There is something particularly powerful about reading someone’s accounting of their dogged pursual of truth, of what is right, of what matters and we are treated to just that in Catch and Kill. In his second book Ronan Farrow reckons with the institutional powers and societal inequities that create the sort of stories he’s worked on reporting for the past few years at The New Yorker. Part memoir, part investigative report, Catch and Kill is an imminently fast read, jumping from one unbelievable if it weren’t so unfortunately believable development to another. In that way it reminded me of Bad Blood, but if that book was hyped up on five or six shots of espresso.
Ostensibly Catch and Kill is about breaking the Weinstein story and focuses on the powerful groups and individuals who fought to keep power in their hands and reporters and victims silenced in that pursuit. Farrow makes time in his book (clocking in at over 400 pages) to share various perspectives on the world of reporting and investigative journalism and how he is a small piece in a much larger puzzle – that he was quite literally both building on other’s work that had been killed before and racing other journalists to publication (I’ve already requested She Said from my library). And while it can rightfully be argued that possibly the real purpose of this book is a gloriously candid, righteously indignant, and deliciously petty outline of all the ways that specific individuals at NBC screwed Farrow over (go read Kstar’s review if you haven’t, it’s awesome) Farrow also works to make sure that while he is telling his story, it is the story of the victims that is what matters to him, and what should matter to us.

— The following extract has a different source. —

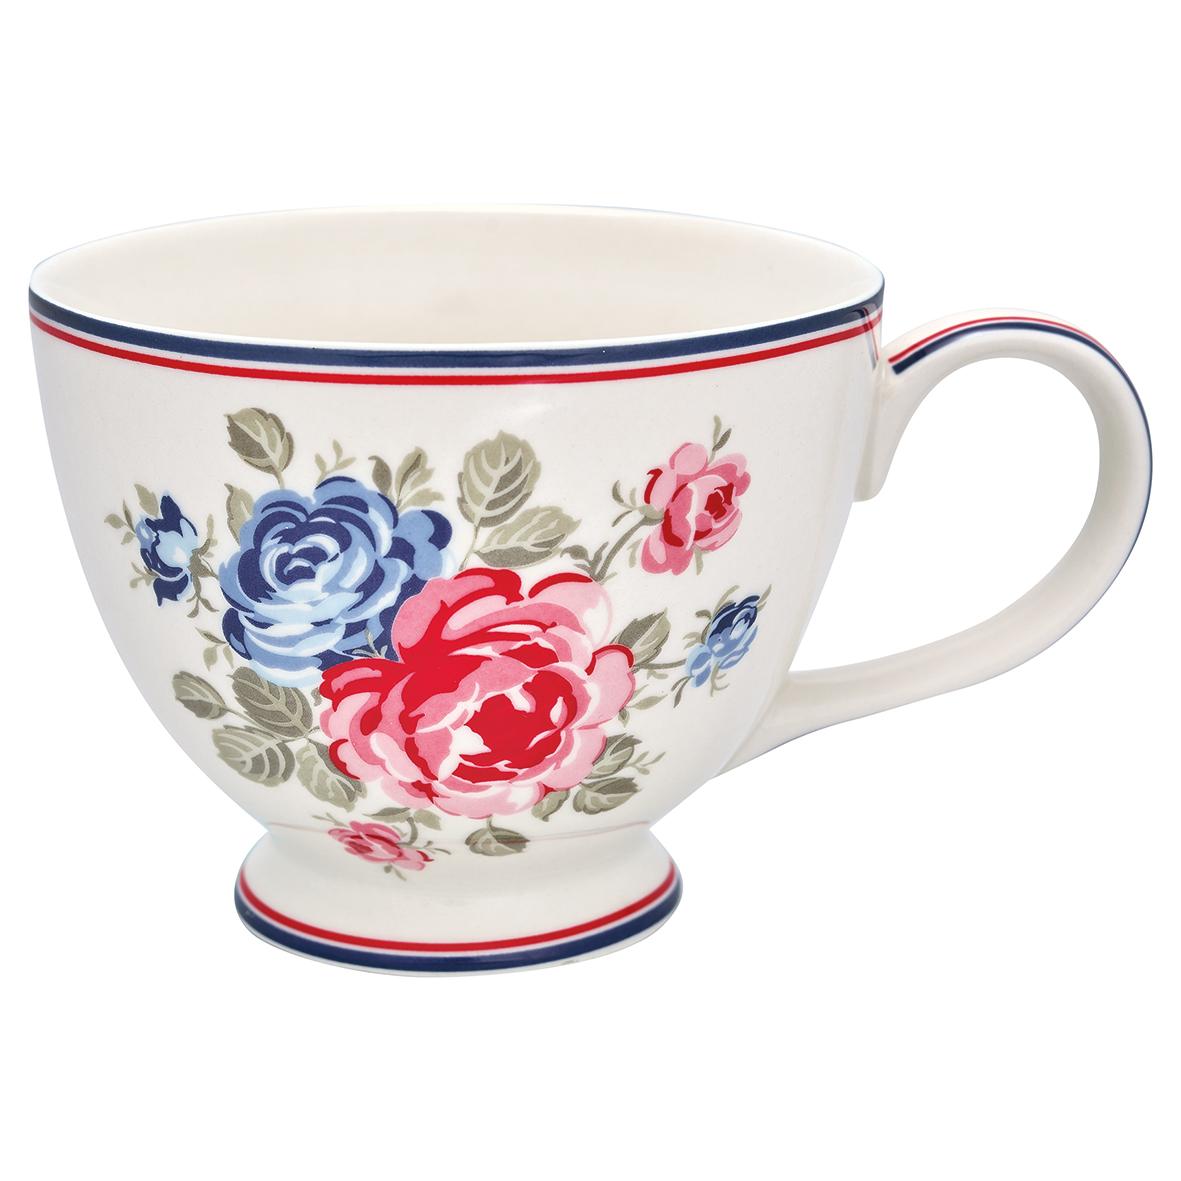 Greengate Teacup Hailey white Becher

As the reader we spend over a year with Farrow as he lived and breathed this story. Part of what makes this a fascinating read is that there were a lot of people trying to do everything in their power to prevent him from telling this story (including hiring Black Cube to run surveillance on him and build a dossier to take to his bosses at NBC), and how that nearly prevented him from continuing to investigate and report, and that story deserves to be told as well. The latter parts of the book deal with the fallout of publishing at The New Yorker including Weinstein’s attempts to discredit his accusers, and NBC’s attempts to distance themselves from their failure to report the story, as well as the environment of harassment and fear in their own offices. Farrow, now well removed from his time there and perhaps a false sense of loyalty goes ahead and names the names, and is not afraid to paint unflattering pictures of the various people who feature in this story if it is deserved. The only truly weak part of the book was in the very final section where Farrow recounts the other stories that grew from this initial reporting (Les Moonves, Matt Lauer, The National Enquirer) as they felt at times only tangentially connected to the rest of the narrative. But, I won’t complain too much as those pages also contain his proposal to Jonathan in the draft he reviewed and my sentimental heart was won over.